-- Exercise requirements --
Transcribe every line below exactly; no image goes into the output.

-- Available data --

=== Section Start ===

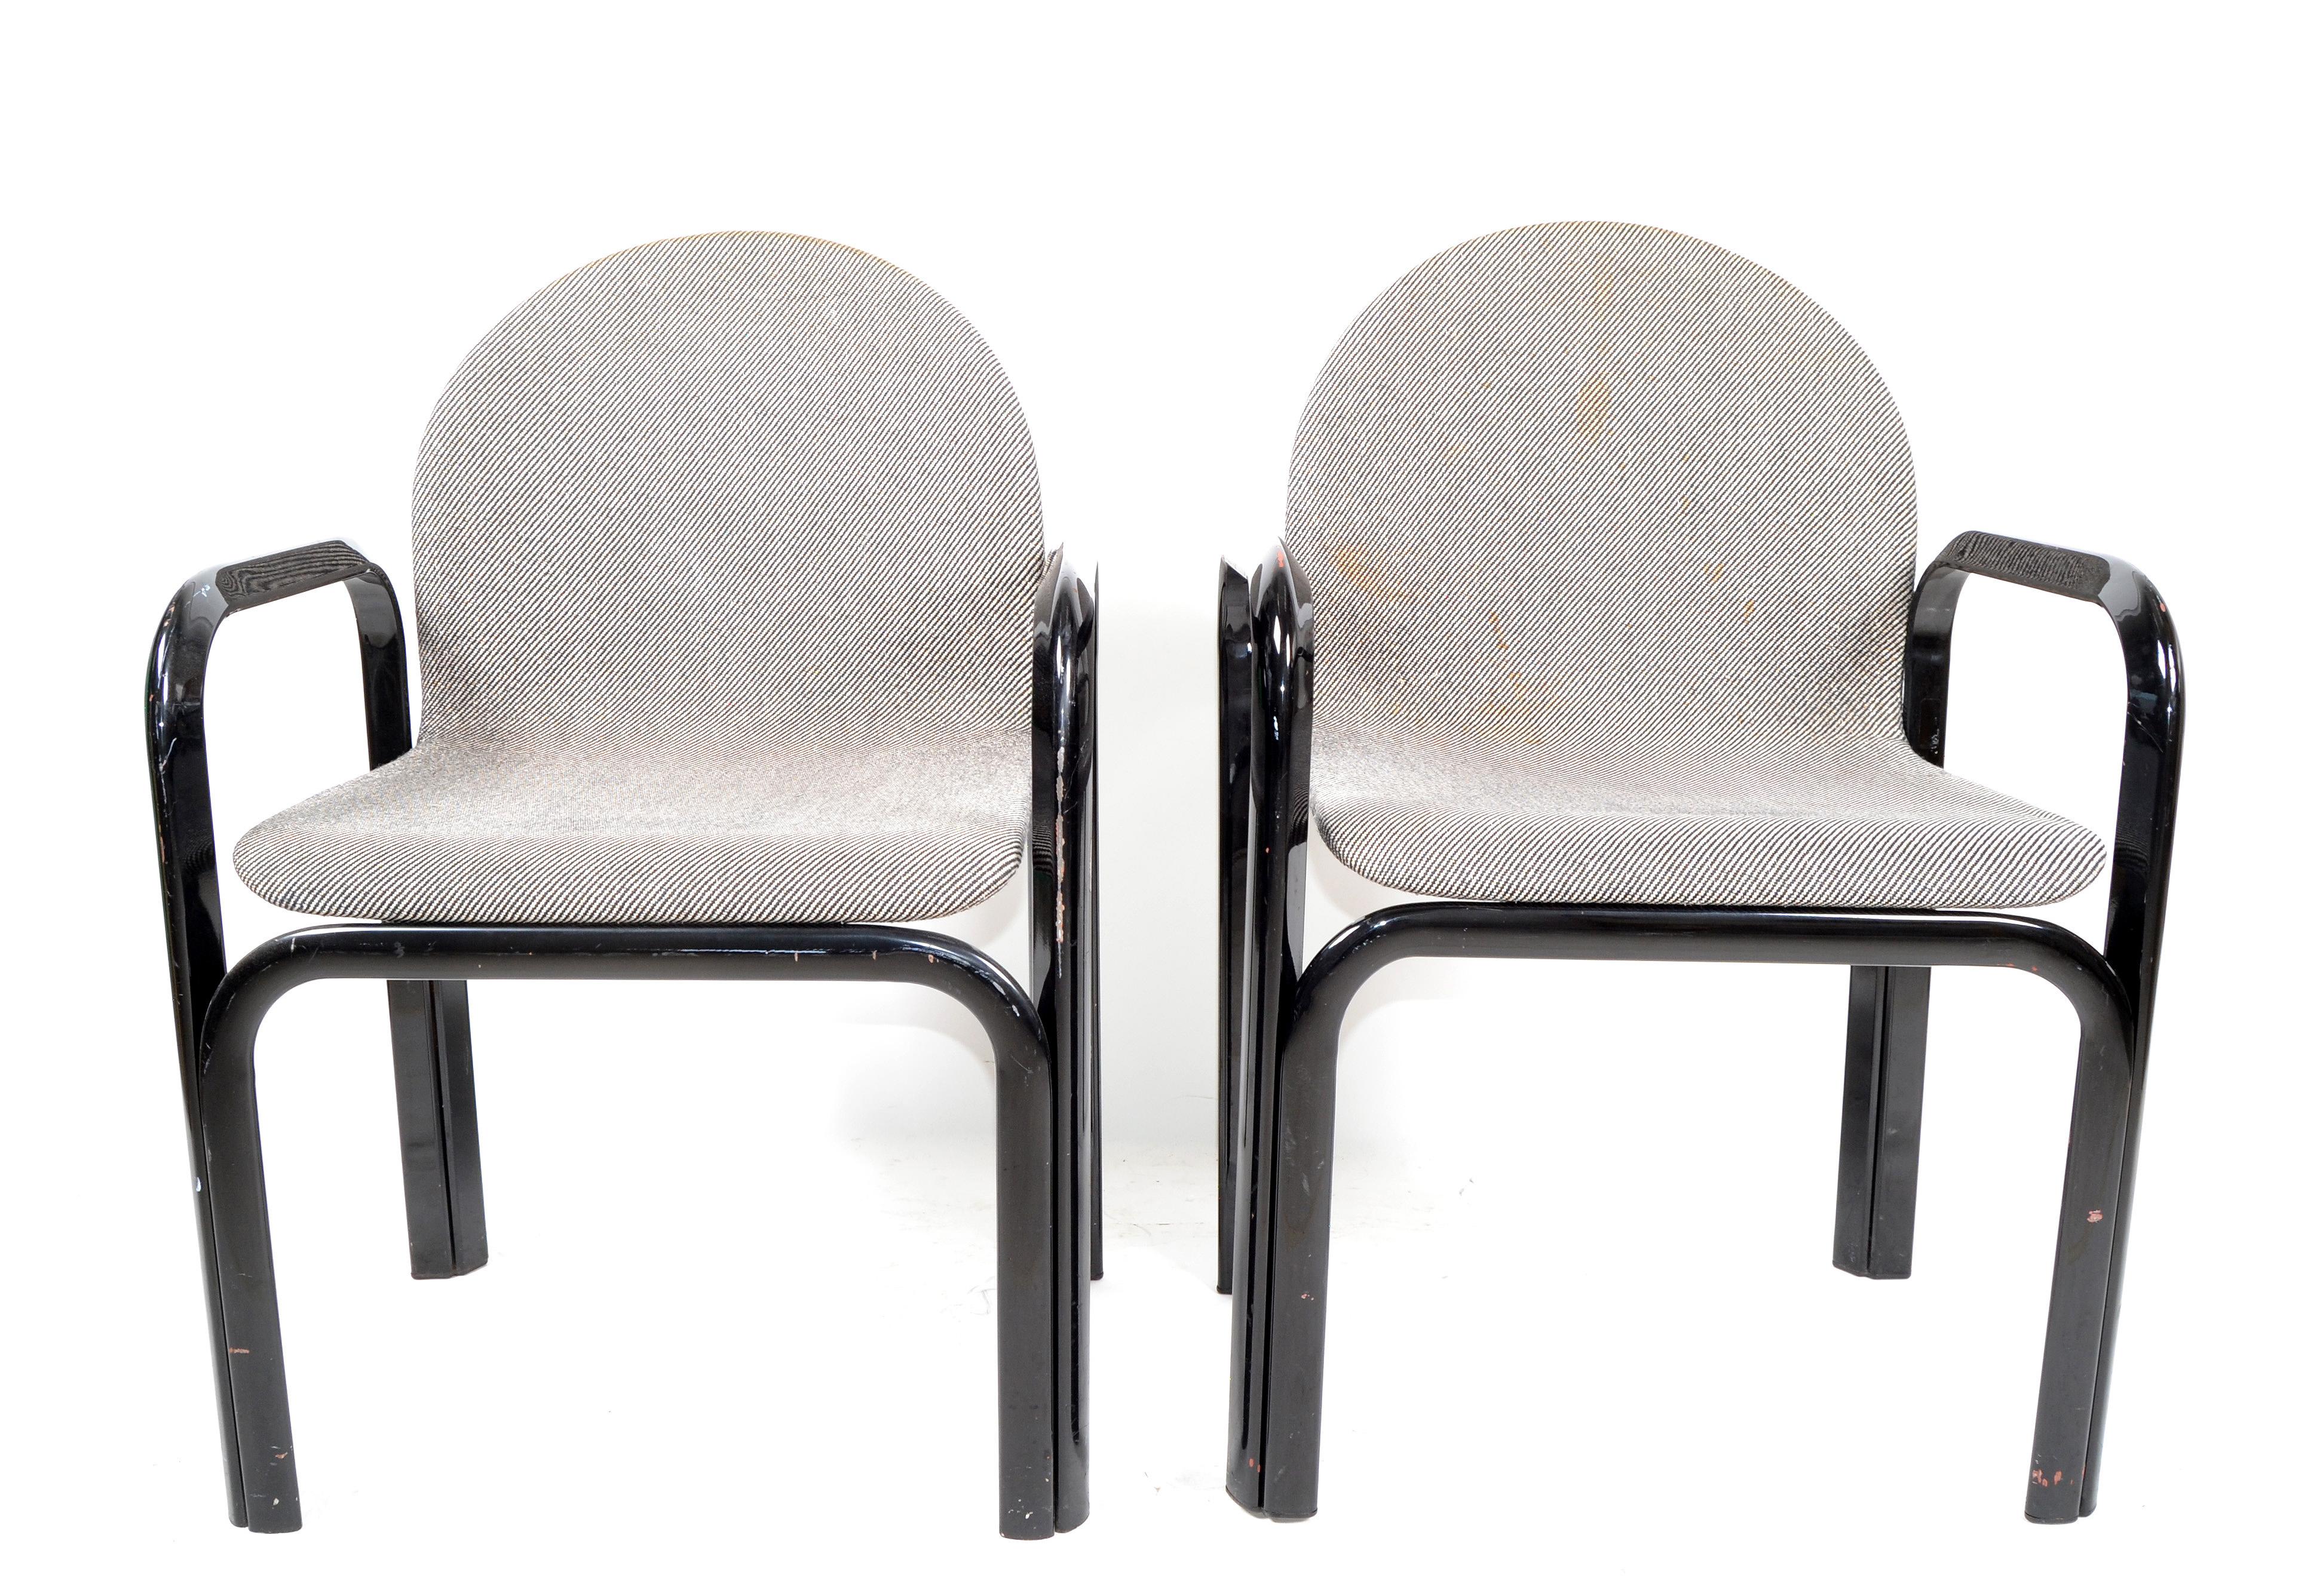 Pair of armchairs or conference chairs by Gae Aulenti for Knoll International. We have 5 sets available.
The frames of the chairs are constructed by sculpted metal tubes, sinuous bent plywood seats with its original fabric upholstery.
Knoll Mark and

=== Section End ===

-- Exercise solution --
 Pair of armchairs or conference chairs by Gae Aulenti for Knoll International. We have 5 sets available.
The frames of the chairs are constructed by sculpted metal tubes, sinuous bent plywood seats with its original fabric upholstery.
Knoll Mark and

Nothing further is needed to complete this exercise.